Step 5: Aligning the sequence of core gene sequences

Info

For each of our objects, we have an amino acid sequence and a nucleotide sequence. That is, we can do alignments of both.
For biological analysis, the protein sequence is preferred because:

Larger alphabet = more letter variants - 20 vs. 4 for nucleotide sequences.
Amino acids have a more conservative structure (nucleotides are more variable, there are nonsynonymous substitutions, and amino acids are under stronger selection and it is easier for us to match conservative parts).
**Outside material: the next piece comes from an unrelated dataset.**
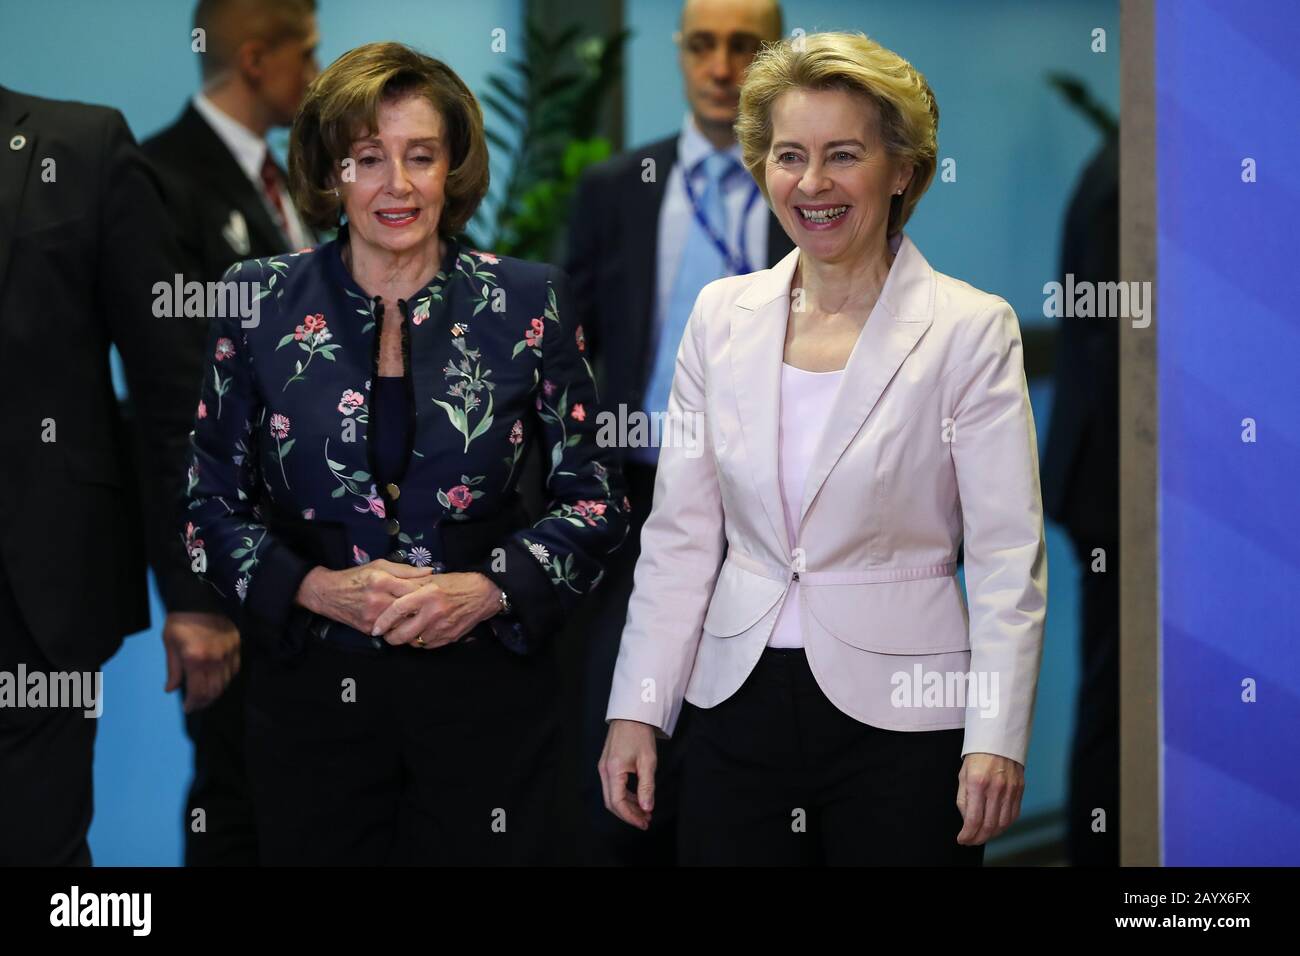 Brussels, Belgium. 17th Feb, 2020. European Commission President Ursula Von der Leyen (R) welcomes U.S. House Speaker Nancy Pelosi as the latter pays a visit to the EU headquarters in Brussels, Belgium, Feb. 17, 2020. Credit: Zhang Cheng/Xinhua/Alamy Live News Stock Photo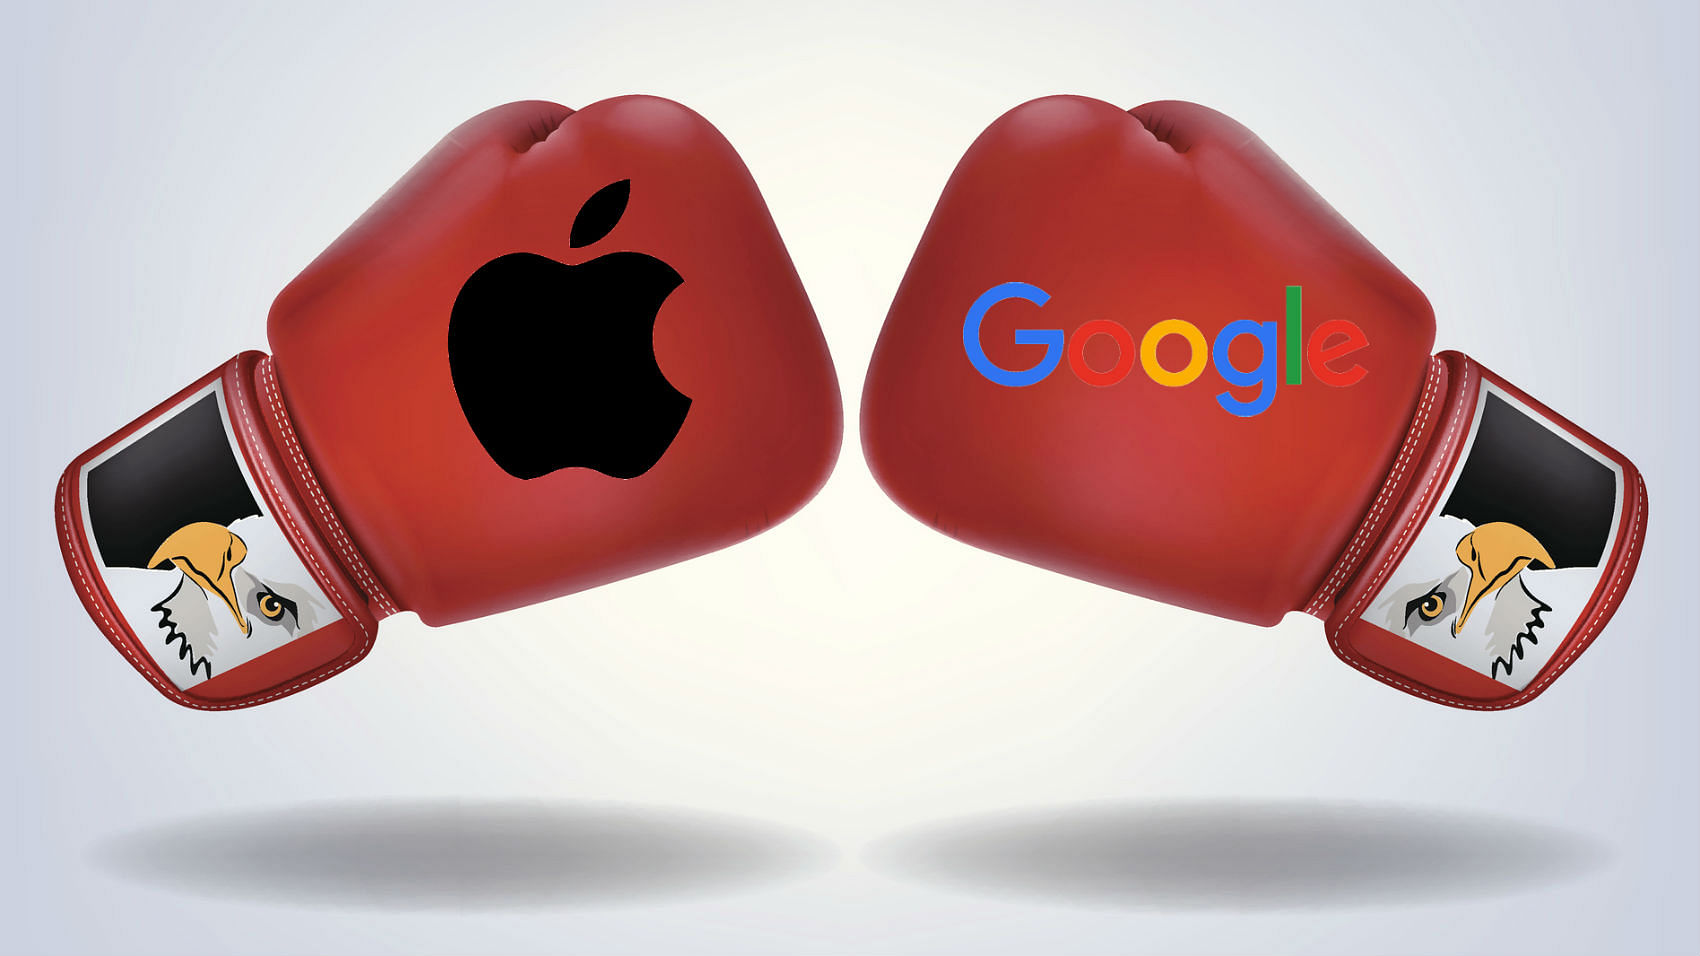 The brand battle between Google and Apple has spiced up in recent times. (Photo: <b>The Quint</b>)

However, when aligning amino acid sequences, we find it difficult to ‘go back’ and account for nucleotide substitutions.
But there is a trick - we take the nucleotide sequences, translate them into amino acids and sort of align the amino acids, preserving the original triplets of nucleotides that were underneath those amino acids.

Then:

We can account for honest correct reading frame shifts - like a single nucleotide dropout in a nucleotide alignment (i.e. we allow for a situation that is impossible in an amino acid alignment).
And at the same time we have information about the amino acid structure of the protein - a combination of two levels of information.

Let's also break down the command below in parts:

PanACoTA - the name of the tool we are running.
align - module of this tool that aligns sequences with mafft.
By key -c we pass the PersGenome_PanGenome-EsMa.All.prt-clust-0.8-mode1.lst-all_1.lst file.
By key -l we pass the LSTINFO-.lst file from the Step 2.2..
By key -n we pass the four-character name for the data, which was set previously.
By key -d we pass the path to the output directory from Step 2..
By key -o we specify where to store the output files.

Input

PanACoTA align -c Coregenome/PersGenome_PanGenome-EsMa.All.prt-clust-0.8-mode1.lst-all_1.lst -l Annotation/LSTINFO-.lst -n EsMa -d Annotation/ -o Alignment

Let's go into the directory and look at the results.

Input

ls Alignment

Output

Align-EsMa  PanACoTA-align_EsMa.log      PanACoTA-align_EsMa.log.err
List-EsMa   PanACoTA-align_EsMa.log.details  Phylo-EsMa

We see a lot of log files.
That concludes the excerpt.